Deterministic linking and linkage keysCreating a linkage key
An example of deterministic linking using a linkage key
Deterministic linking involves the exact matching of information on different records across the datasets being combined for a linking project.
The simplest form of deterministic linking uses a unique identifier, such as an Australian Business Number or a social security number, to determine if the records refer to the same entity. (An entity may be a person, household, organisation or locality.)
This is also called ‘exact linking’ because the identifier either matches or does not match. This means that if the unique identifier contains any errors, the matches will not be found because the identifiers must be identical on all the datasets being linked.

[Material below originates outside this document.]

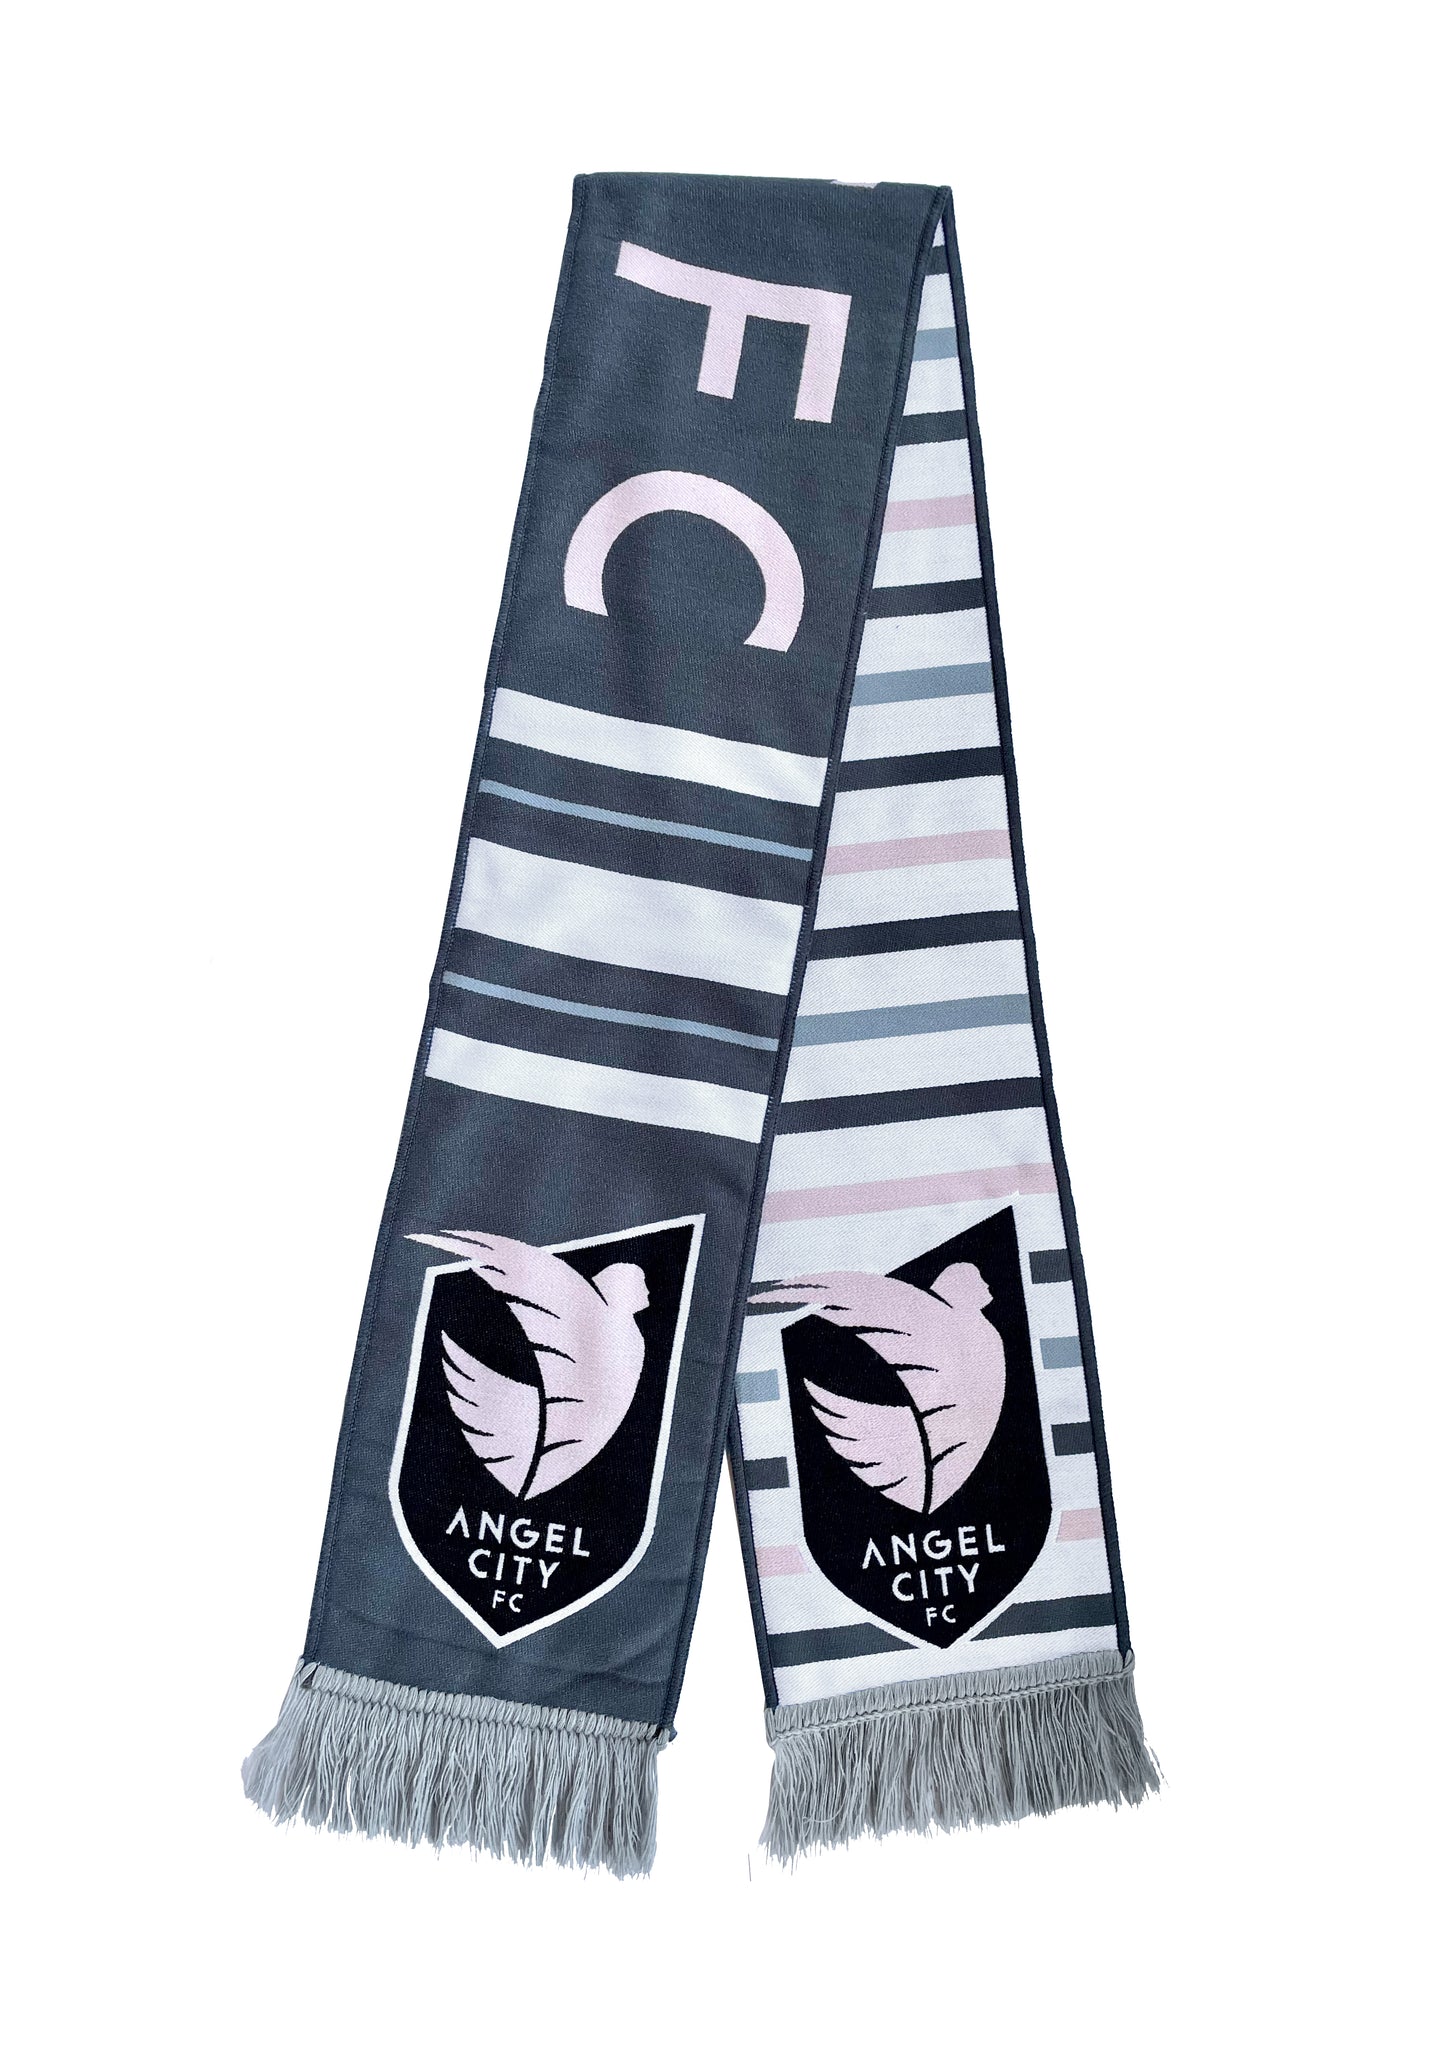 Angel City FC ACFC Bufanda tejida a rayas con marca denominativa

If it is the case that the unique identifiers may be unreliable for linking purposes, there are a number of other options available. One is to instead use probabilistic linking – see Sheet 4.
Other possible approaches include variations of deterministic linking, such as ‘stepwise deterministic linking’ and ‘rules-based linking’. These techniques use other information on the records to overcome deficiencies in the quality of the unique identifier. For more information, see the references on this sheet.
If a unique identifier is not available, or is not of sufficient quality, it is possible to create a proxy, often referred to as a linkage key.
A linkage key is a code created using a combination of identifying information on each record, such as name, address and date of birth (see Table 1 for an example).
The linkage key usually replaces identifiers on the linked record. If the records in the linked dataset are de-identified (by removing name and address), this helps to protect the identity of the people or organisations in the new dataset.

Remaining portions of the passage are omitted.